INSTRUCTIONS FOR THE TASK: Please print, exactly, only the lines in the entries below from the line that has "Product Image of" through the line that has "22 September 2015". Pictures don't go in.

DATA LISTING:
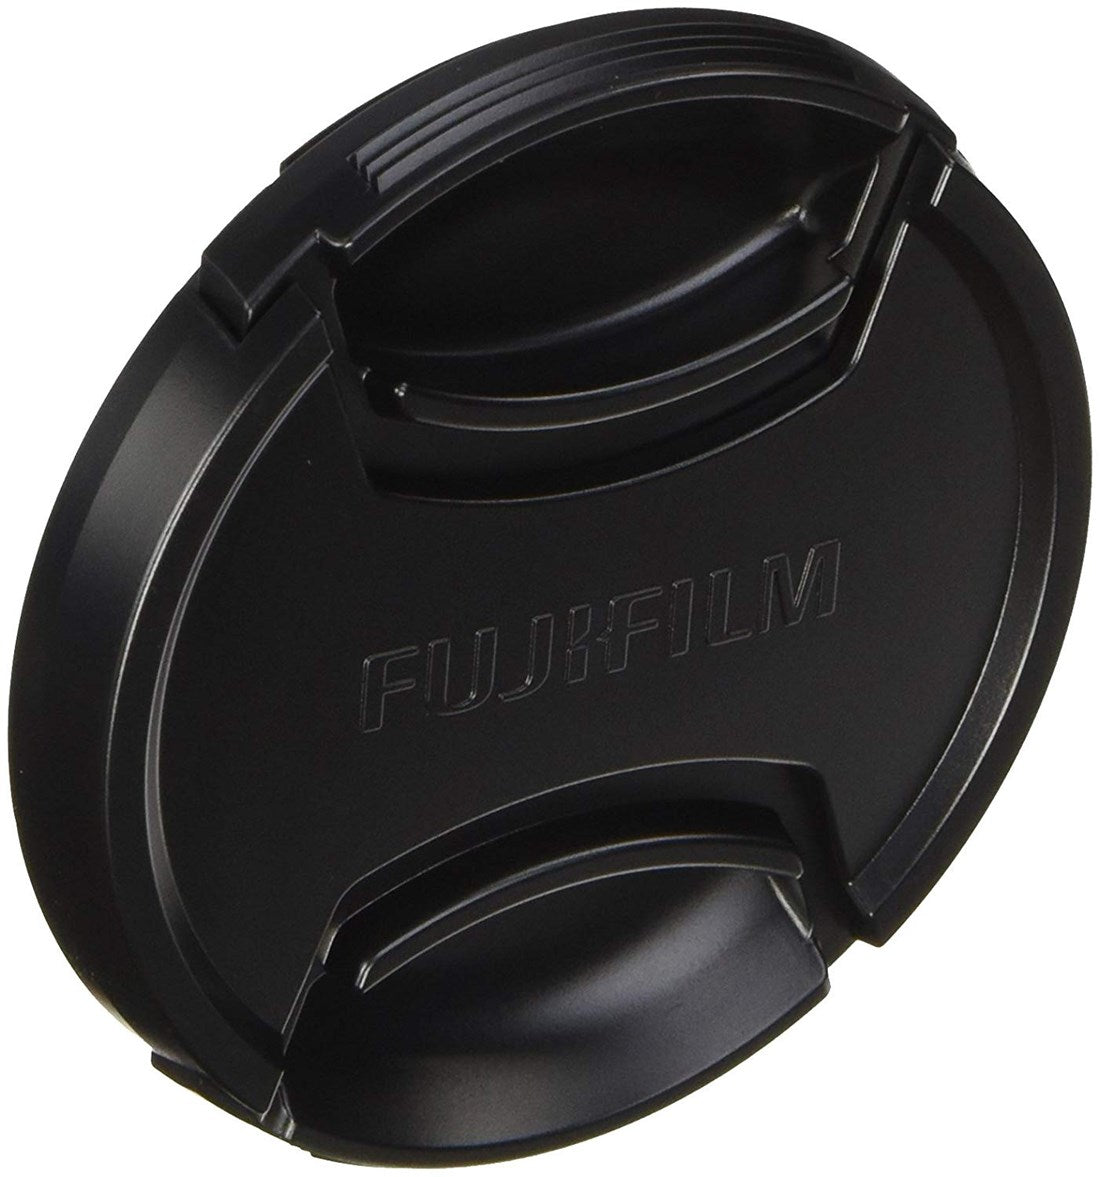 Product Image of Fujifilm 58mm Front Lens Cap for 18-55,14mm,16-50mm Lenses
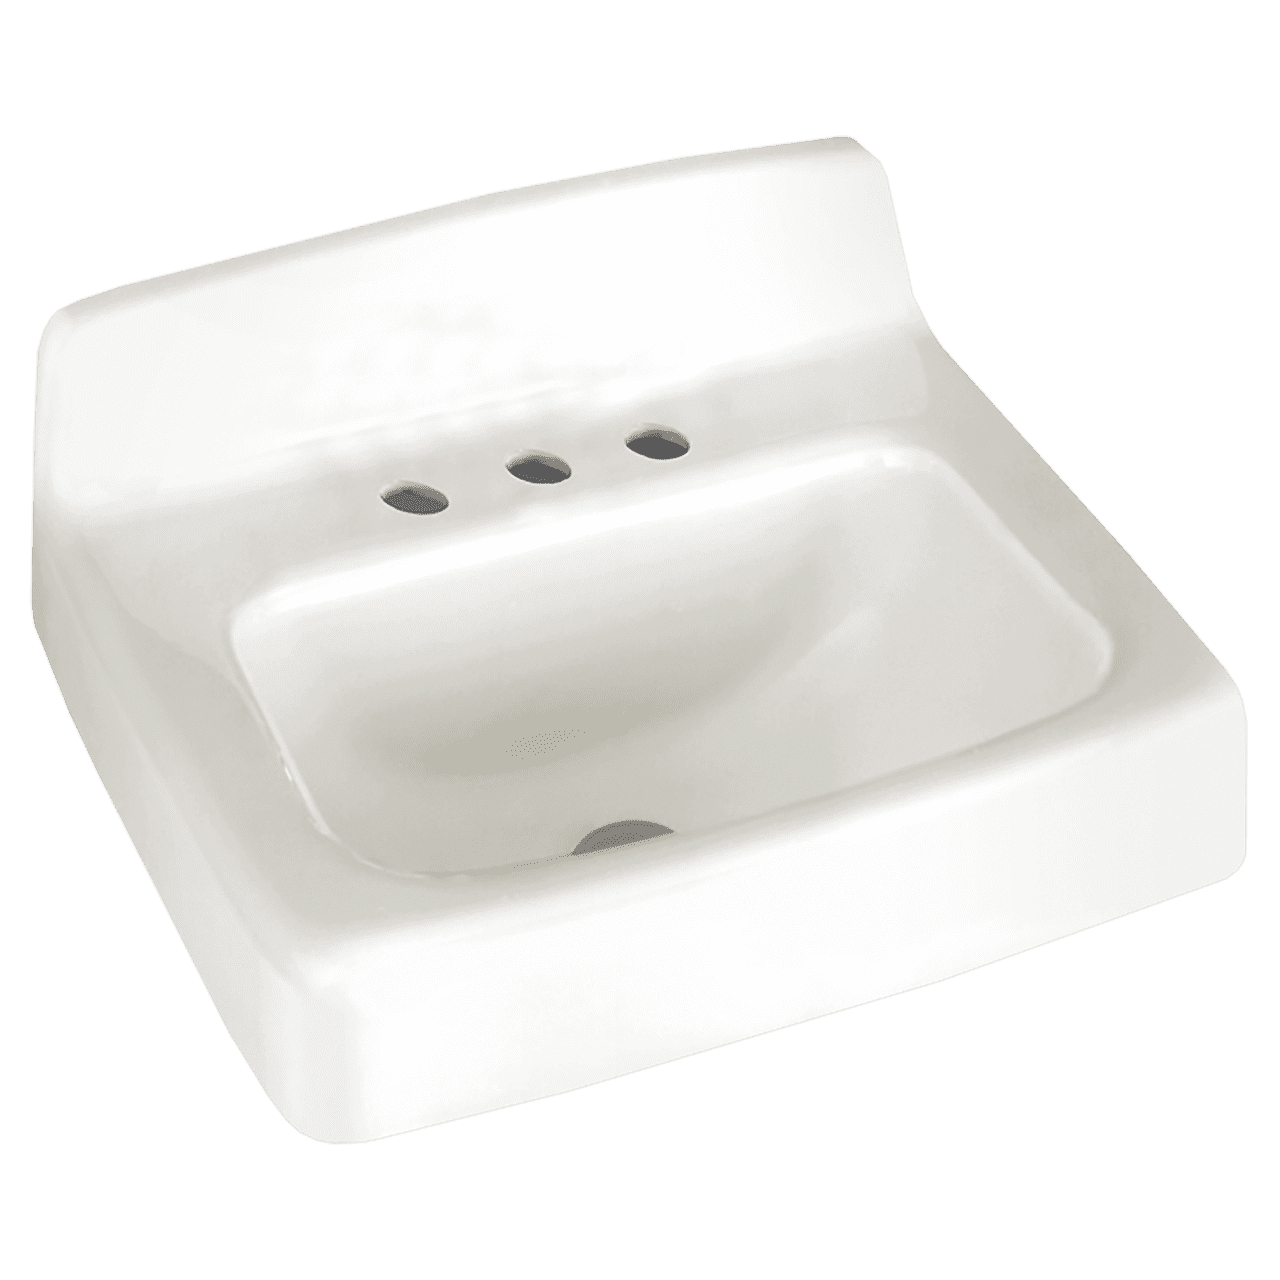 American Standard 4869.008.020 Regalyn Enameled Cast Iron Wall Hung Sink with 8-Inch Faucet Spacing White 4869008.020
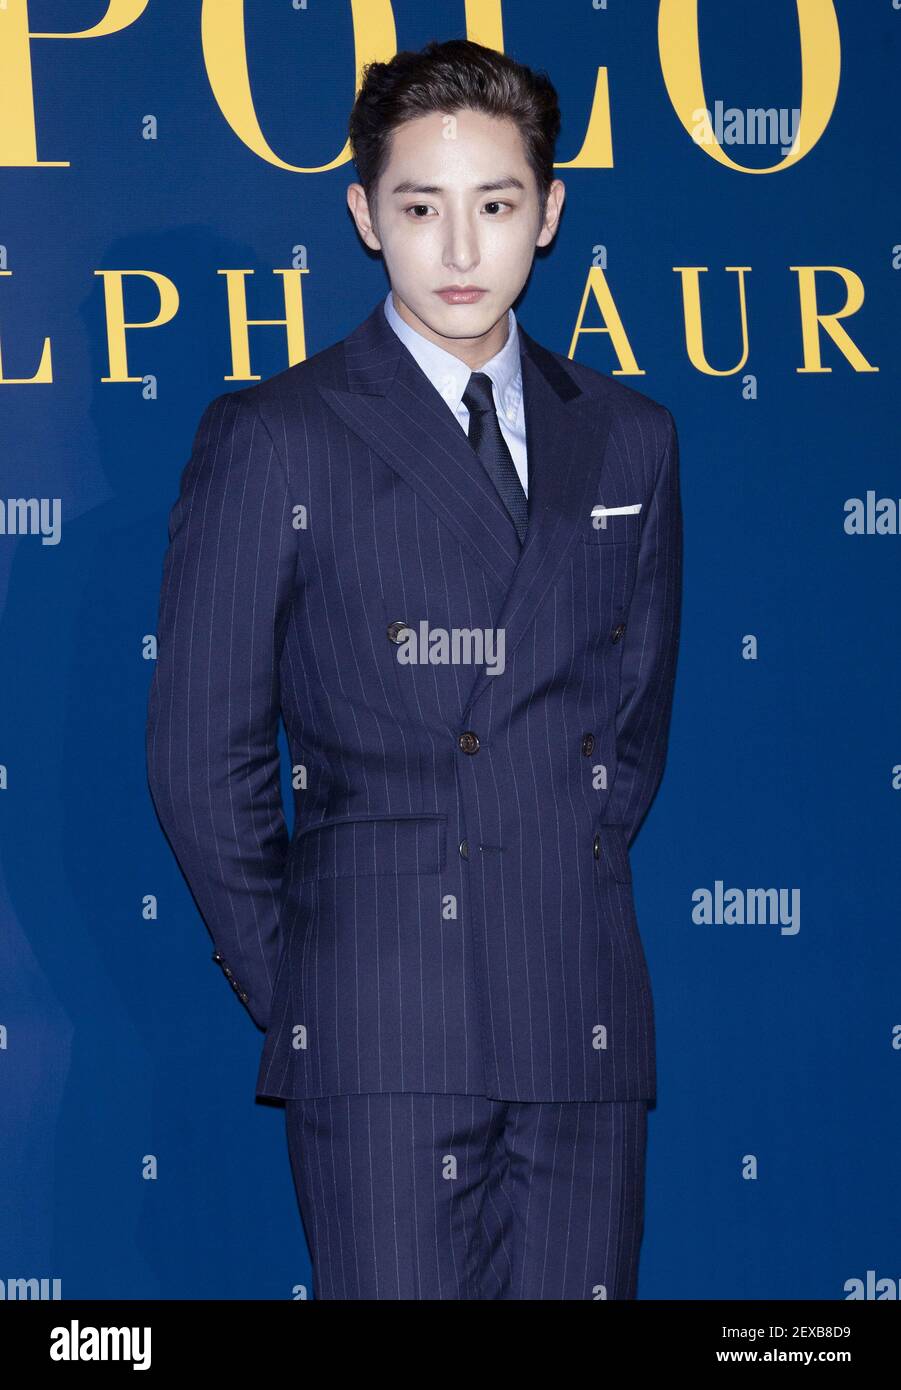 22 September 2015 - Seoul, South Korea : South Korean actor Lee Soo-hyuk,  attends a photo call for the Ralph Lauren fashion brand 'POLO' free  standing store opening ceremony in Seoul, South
...
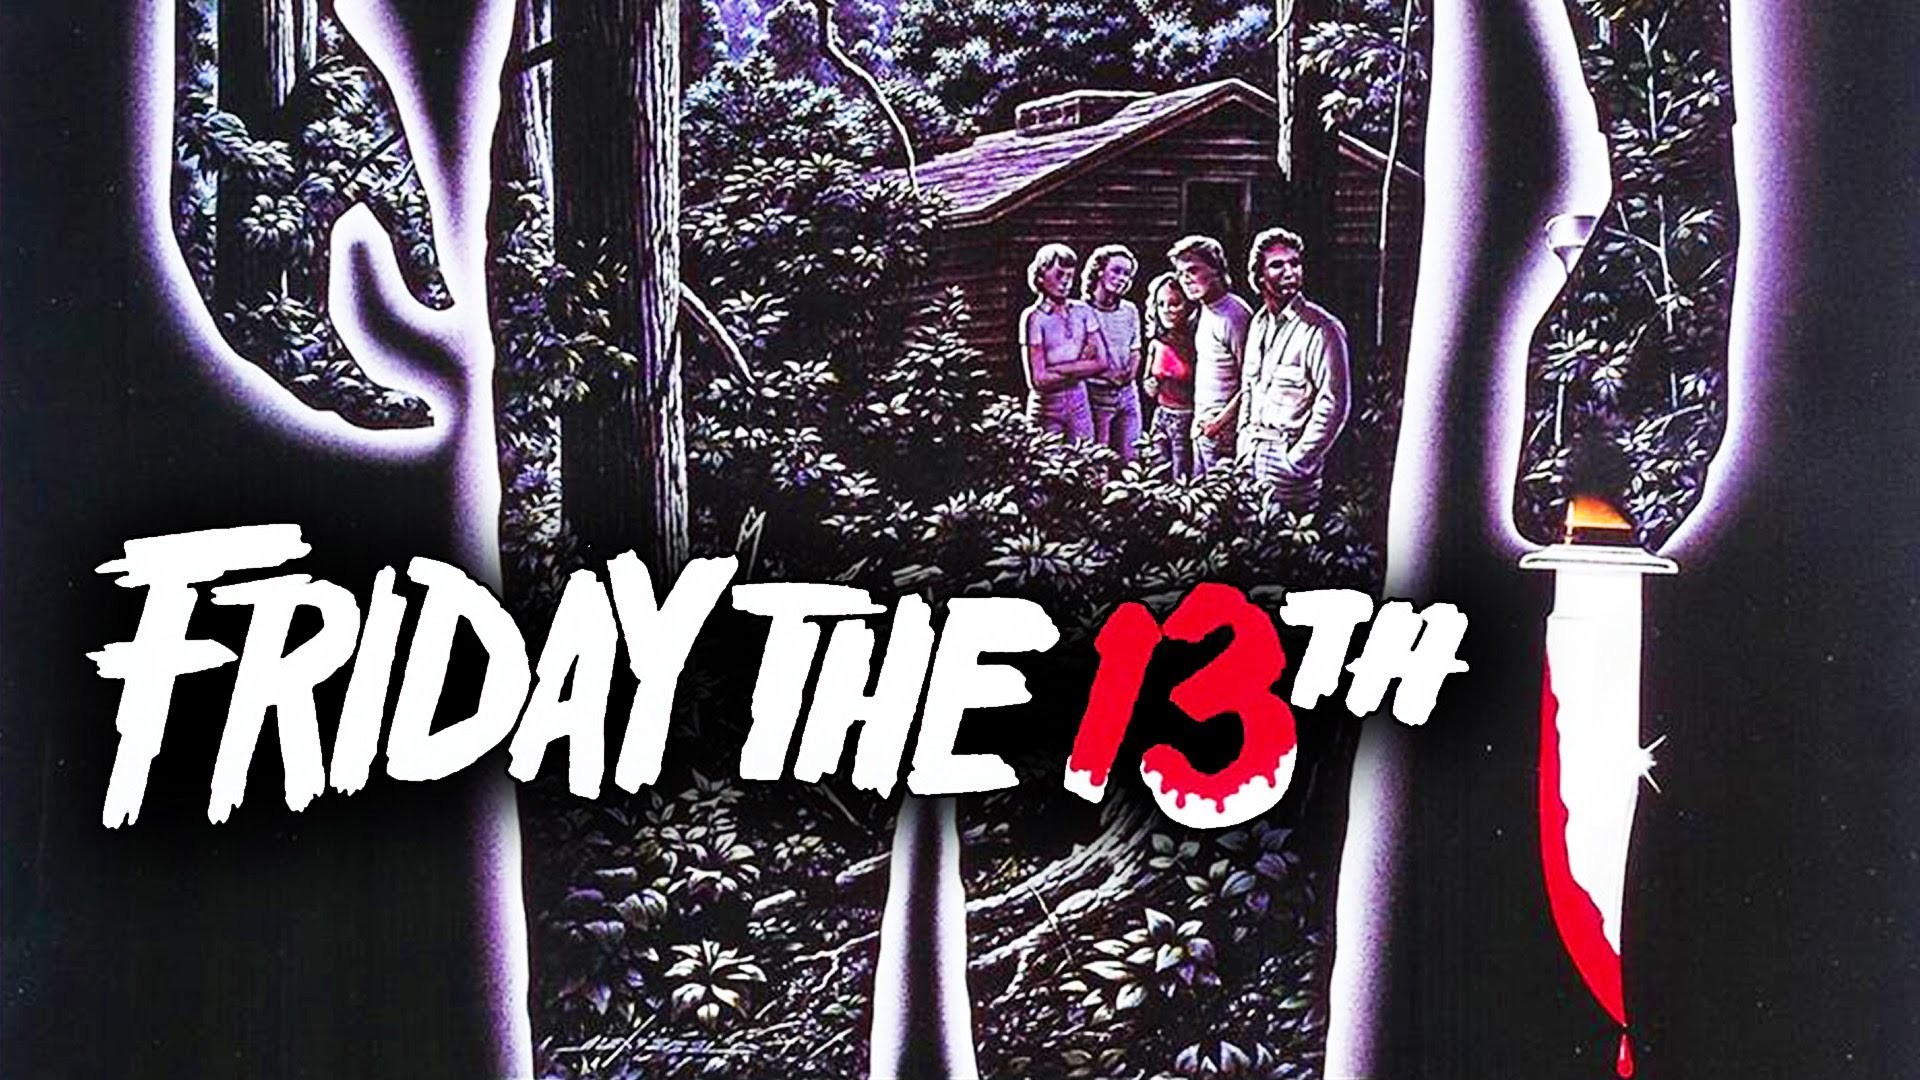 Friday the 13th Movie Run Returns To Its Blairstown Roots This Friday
...
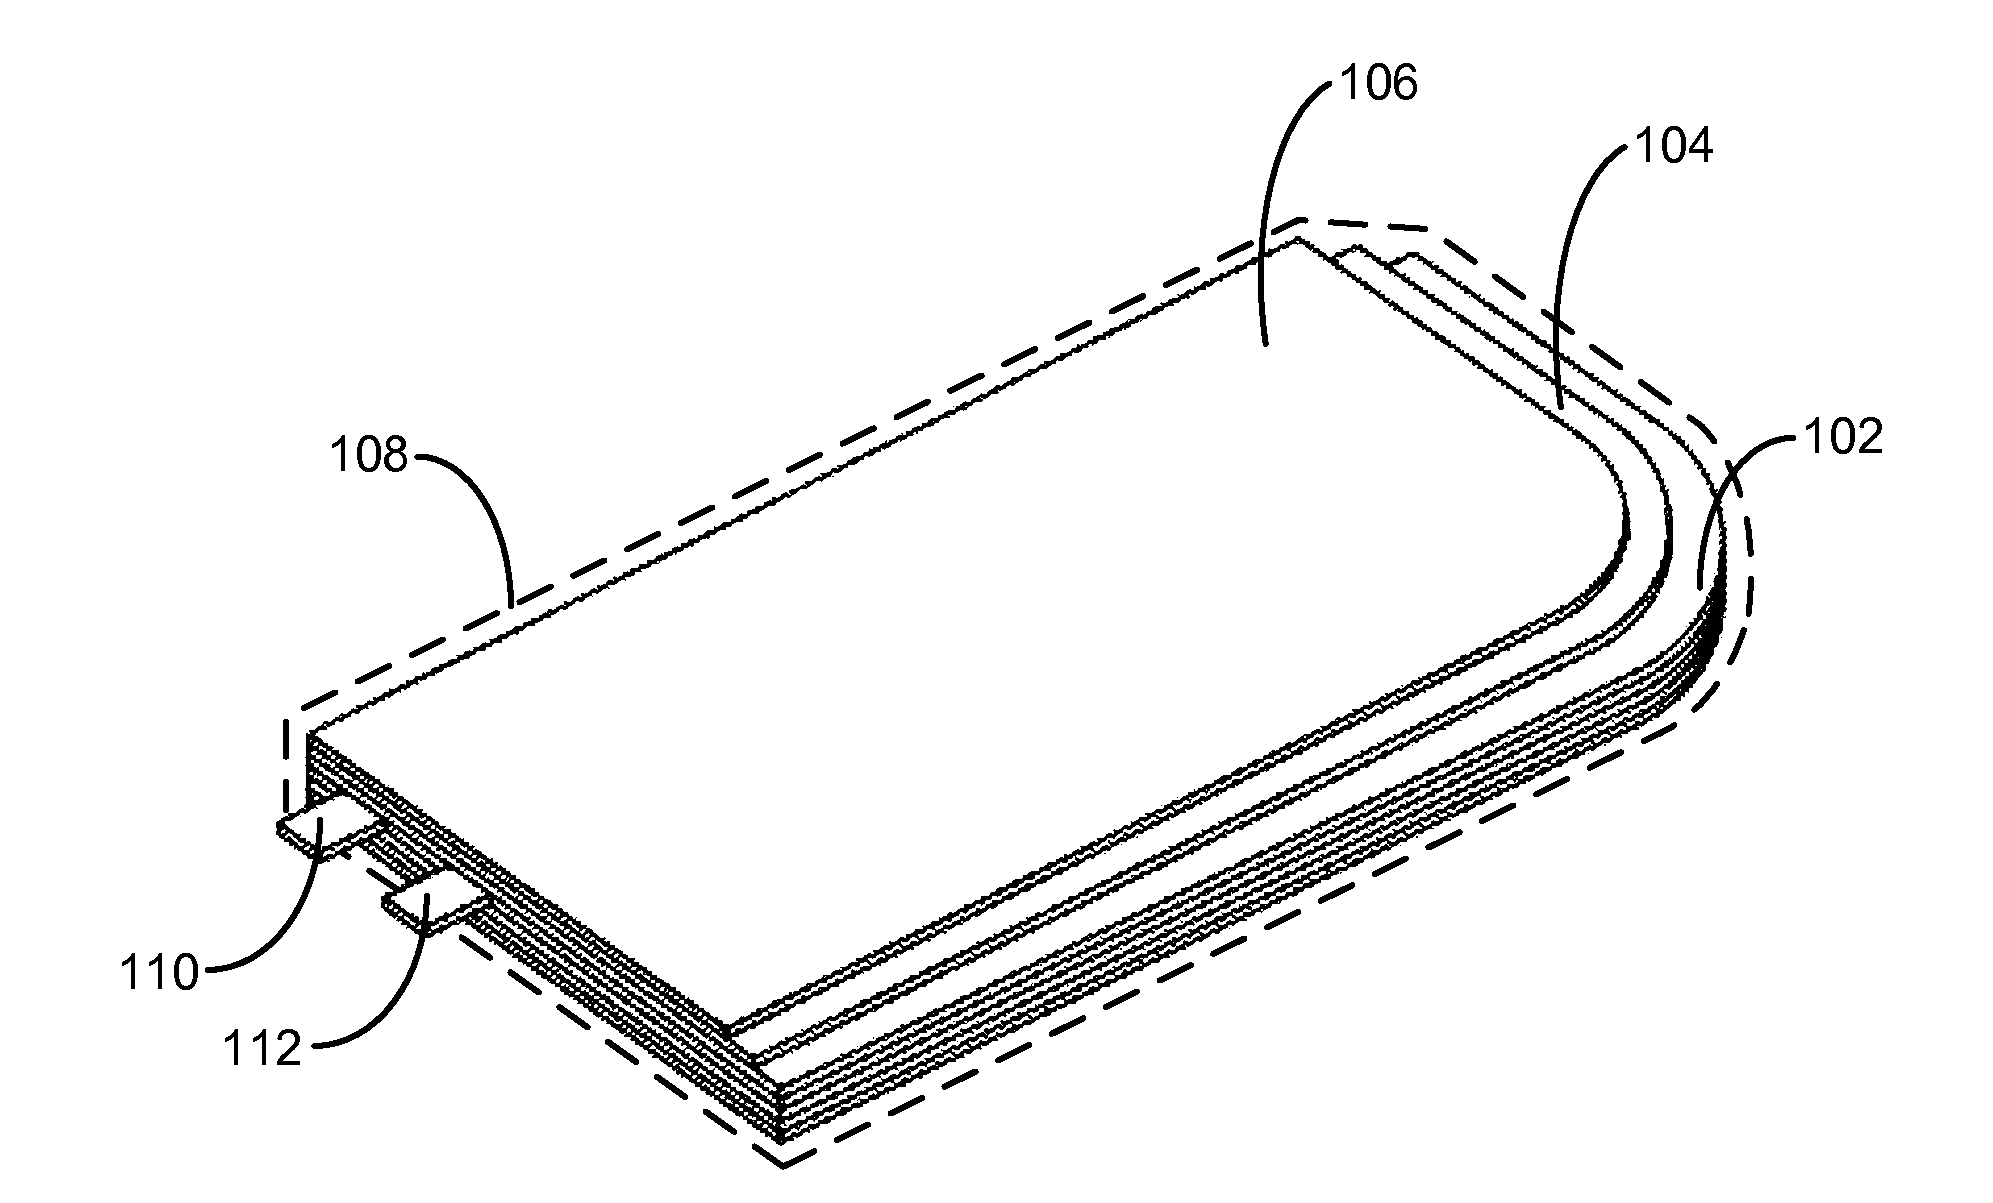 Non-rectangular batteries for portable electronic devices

WRITTEN REPLY:
 Product Image of Fujifilm 58mm Front Lens Cap for 18-55,14mm,16-50mm Lenses
 American Standard 4869.008.020 Regalyn Enameled Cast Iron Wall Hung Sink with 8-Inch Faucet Spacing White 4869008.020
 22 September 2015 - Seoul, South Korea : South Korean actor Lee Soo-hyuk,  attends a photo call for the Ralph Lauren fashion brand 'POLO' free  standing store opening ceremony in Seoul, South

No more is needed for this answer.